И вообще, эффект бабочки – он существует или это выдумка наших кабинетных романистов-сценаристов? Экспериментировать, однако, боязно. Конечно, если раздавлю только бабочку, вряд ли что-то изменится в будущем, серьёзный
– Простите, сударь, я здесь каждое утро прогуливаюсь, но Вас первый раз вижу.
Оборачиваюсь. Вполне благообразный дед в светлом костюме и с тростью. Лёгкая то ли шляпа, то ли панама. Не знаю, как она здесь называется. Канотье с фотографии Волькиного деда, которое носил Хоттабыч? Или которую, потому что шляпа? Попробуем поймать его тон и поговорить.
– Я только вчера приехал сюда и с утра решил посмотреть город.
– Позвольте представиться: Александр Павлович, учитель на пенсии.
– Очень приятно. Михаил.
– А по отчеству, извините?
– Дмитриевич, но можно просто…
– Как это просто? Вы взрослый человек, хотя и много младше меня. Мы незнакомы, и у меня нет никакого права называть Вас по имени и тем самым показывать себя невоспитанным. Как я понимаю, Вы не местный. Вам нравится? Вы на Волге раньше бывали?
Бывал ли я на Волге? Да если я расскажу хоть немного из того, что знаю, ты, дед, с ума сойдёшь! Однако отвечаю соответствующе:
– Впервые Волгу вижу. Красиво…
– Не сочтите за назойливость, Михаил Дмитриевич, просто старческое любопытство. Вы здесь по делам или просто так?
– На пару дней приехал к знакомым.
– На пару дней – это как?
– Что – как? – я не очень понимаю вопрос.
– Молодой человек, я всю жизнь преподавал словесность в гимназии, знаю пару брюк, пиджачную пару. Есть пара чайная, пара семейная. Два сапога – пара. Но пара дней! Дни не могут быть парными! Это не по-русски. Вас где этому безобразию учили?
Ну вот, первый прокол. У нас и не заметит никто, а здесь, похоже, ухо режет. Утренние мужички, конечно, тоже не среагировали бы. Но учитель словесности, да ещё воспитанный, небось, на классическом русском романе, сразу просёк.

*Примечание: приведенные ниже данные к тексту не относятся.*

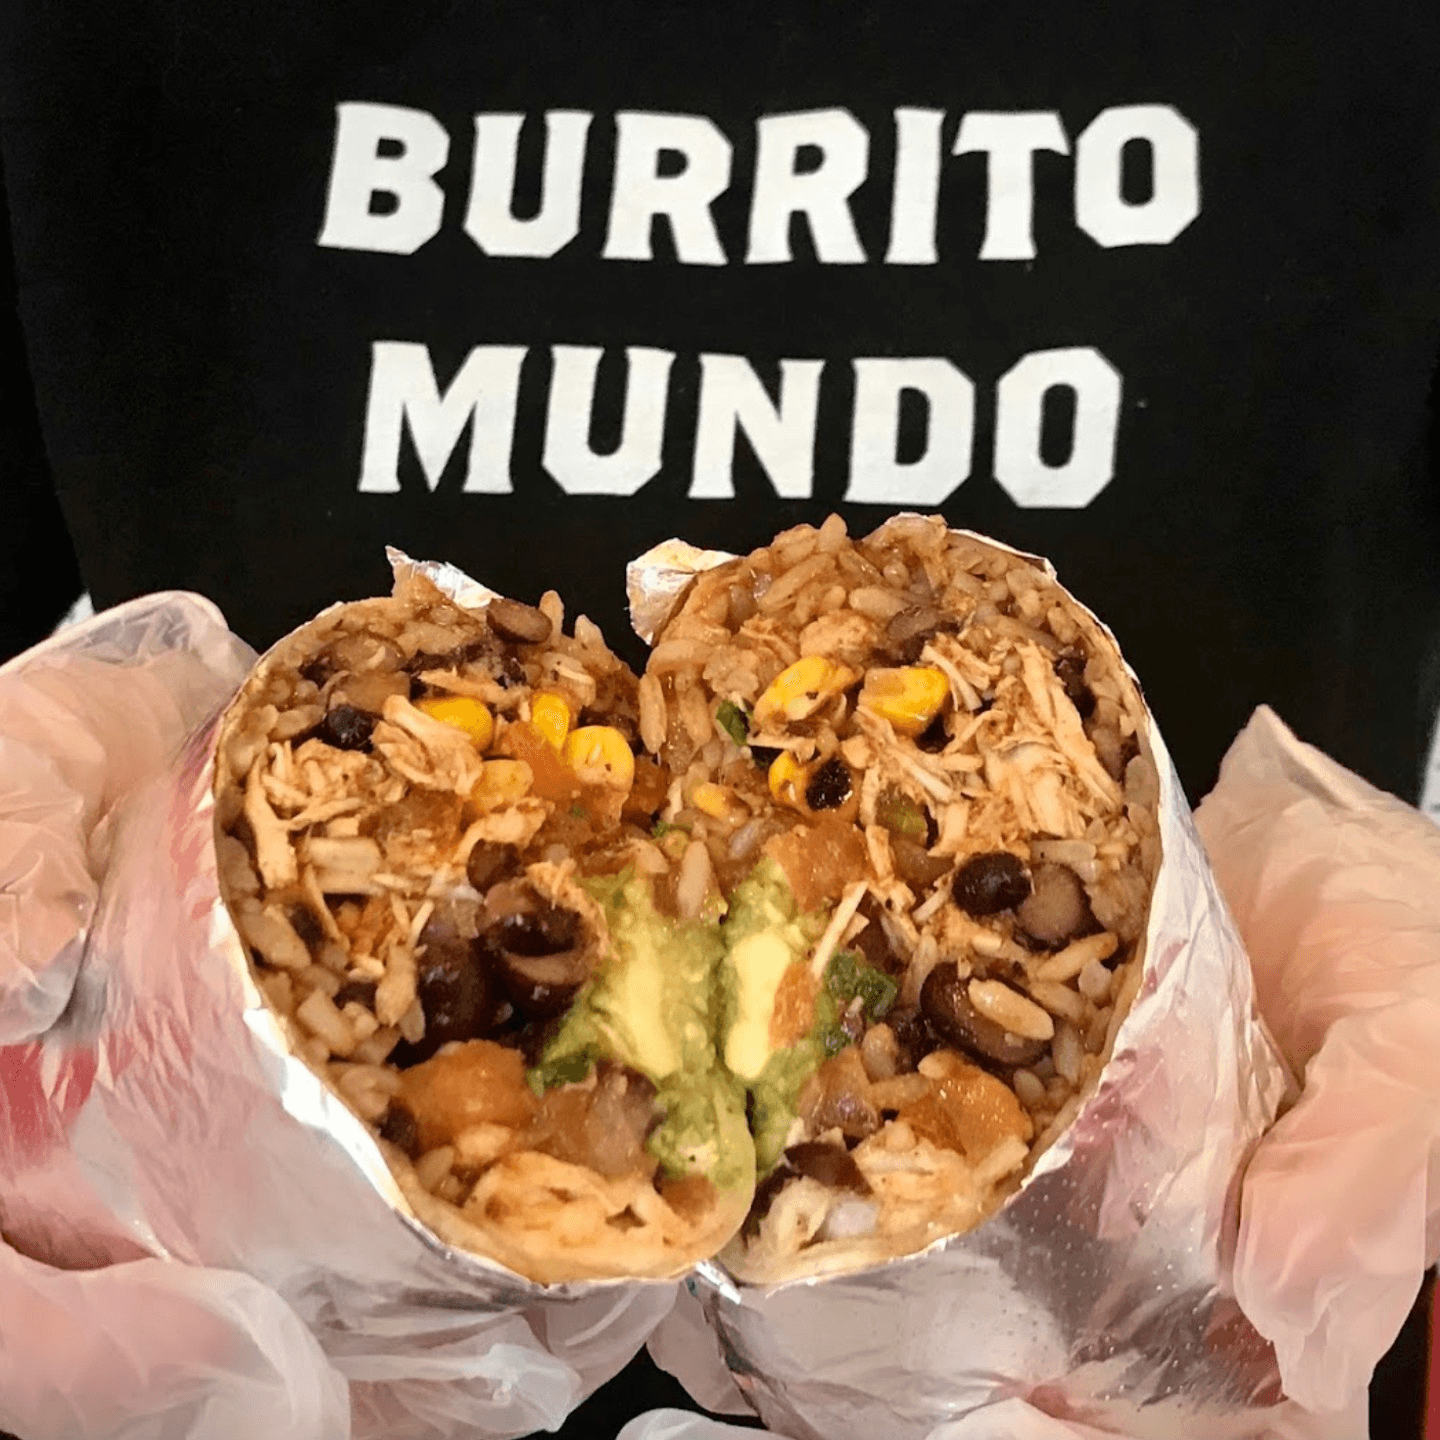 Welcome to Burrito Mundo!

Просёк! Если я сейчас это слово вверну, он дара речи лишится. А где учили, того университета нет ещё. Тем более что правильной русской речи у нас толком вообще нигде не учат.
Видимо, моё молчание старик понимает как согласие, поэтому вполне миролюбиво продолжает:
– Ладно, не буду Вас мучить. Не новость, что молодёжь нынешняя русский язык не знает. Только уж запомните, пожалуйста, что по этой паре дней (он как-то особенно её выделил) будут судить не только об уровне Вашей грамотности, но и вообще о Вас. Если, конечно, Вы окажетесь в приличном месте.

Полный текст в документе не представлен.